Secondary Aerosolization of Viable Bacillus anthracis Spores in a Contaminated US Senate Office
- Christopher P. Weis, PhD;
- Anthony J. Intrepido, MS, CIH;
- Aubrey K. Miller, MD, MPH;
- Patricia G. Cowin, MS, CIH;
- Mark A. Durno, BS;
- Joan S. Gebhardt, PhD;
- Robert Bull, PhD
- Author Affiliations: US Environmental Protection Agency National Enforcement Investigations Center, Denver Federal Center, Denver, Colo (Dr Weis); US Army Center for Health Promotion and Preventive Medicine, Aberdeen Proving Ground, Md (Mr Intrepido and Ms Cowin); US Public Health Service, Denver, Colo (Dr Miller); US Environmental Protection Agency Region 5, Cleveland Office, Westlake, Ohio (Mr Durno); and Naval Medical Research Center, Biological Defense Directorate, Silver Spring, Md (Drs Gebhardt and Bull).
Abstract
Context Bioterrorist attacks involving letters and mail-handling systems in Washington, DC, resulted in Bacillus anthracis (anthrax) spore contamination in the Hart Senate Office Building and other facilities in the US Capitol's vicinity.

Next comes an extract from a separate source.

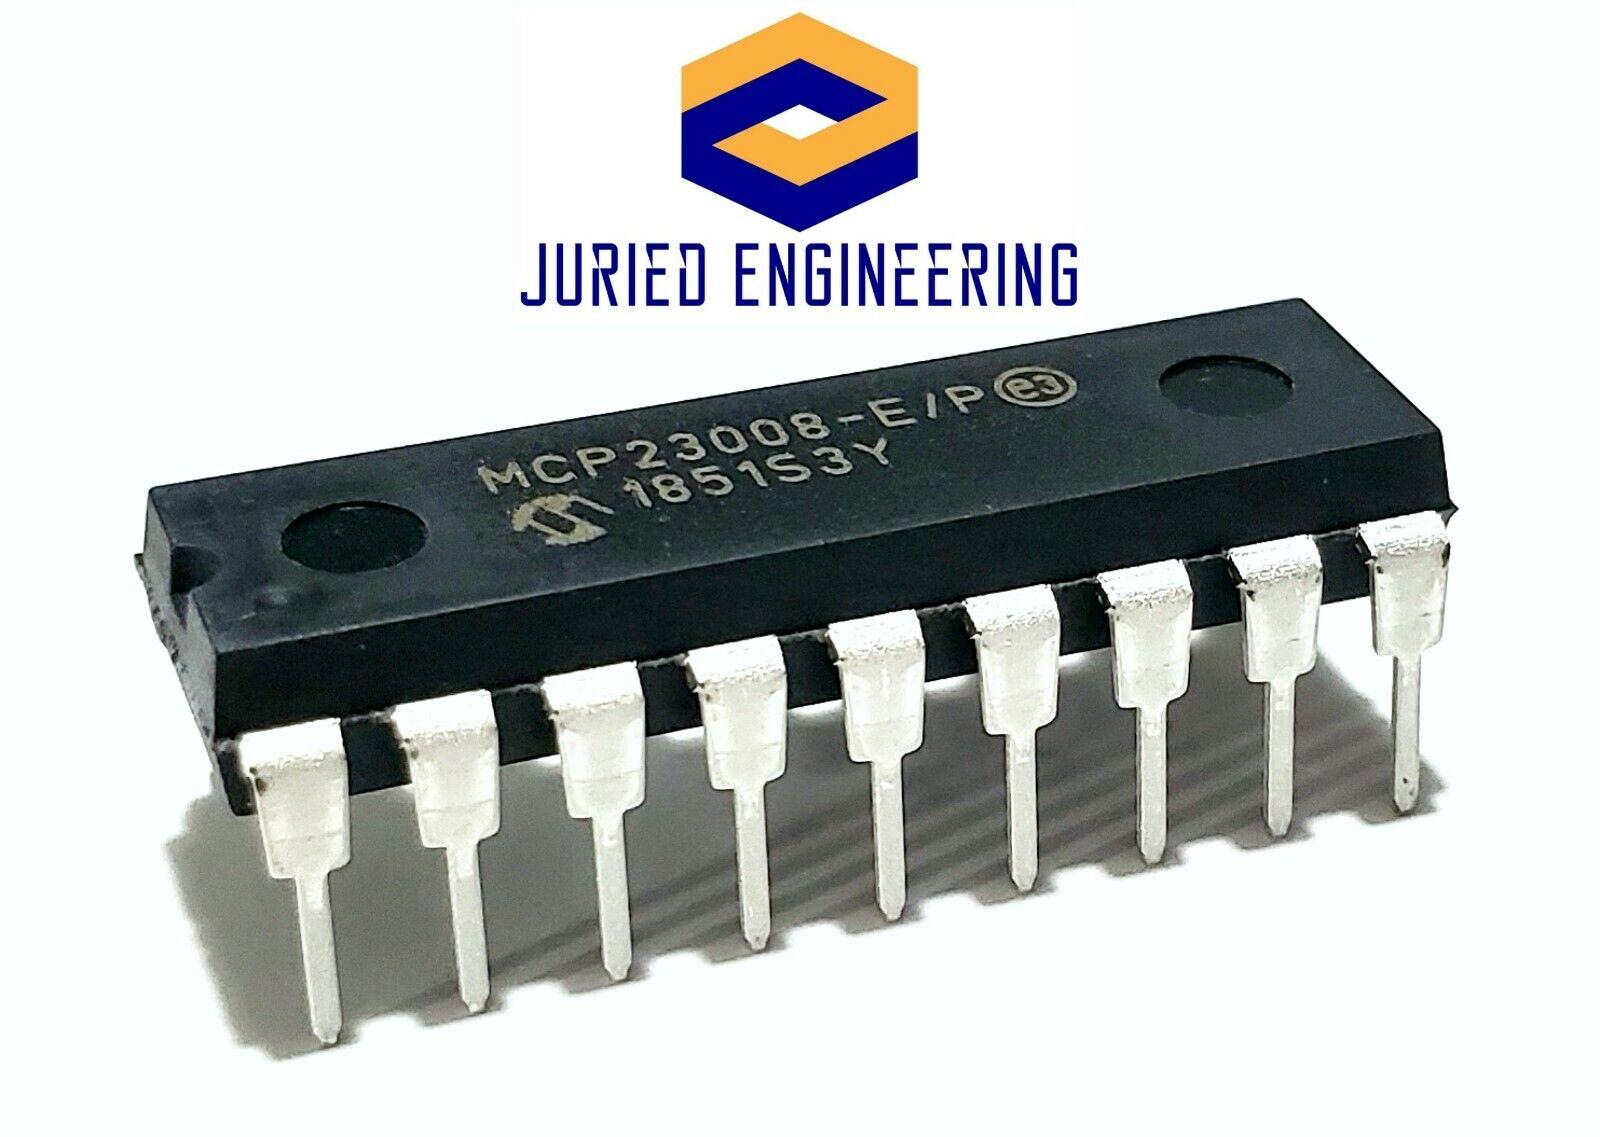 1Pcs MCP23008-E//P MCP23008 DIP18

Objective To provide information about the nature and extent of indoor secondary aerosolization of B anthracis spores.
Design Stationary and personal air samples, surface dust, and swab samples were collected under semiquiescent (minimal activities) and then simulated active office conditions to estimate secondary aerosolization of B anthracis spores. Nominal size characteristics, airborne concentrations, and surface contamination of B anthracis particles (colony-forming units) were evaluated.
Results Viable B anthracis spores reaerosolized under semiquiescent conditions, with a marked increase in reaerosolization during simulated active office conditions. Increases were observed for B anthracis collected on open sheep blood agar plates (P<.001) and personal air monitors (P = .01) during active office conditions. More than 80% of the B anthracis particles collected on stationary monitors were within an alveolar respirable size range of 0.95 to 3.5 µm.
Conclusions Bacillus anthracis spores used in a recent terrorist incident reaerosolized under common office activities. These findings have important implications for appropriate respiratory protection, remediation, and reoccupancy of contaminated office environments.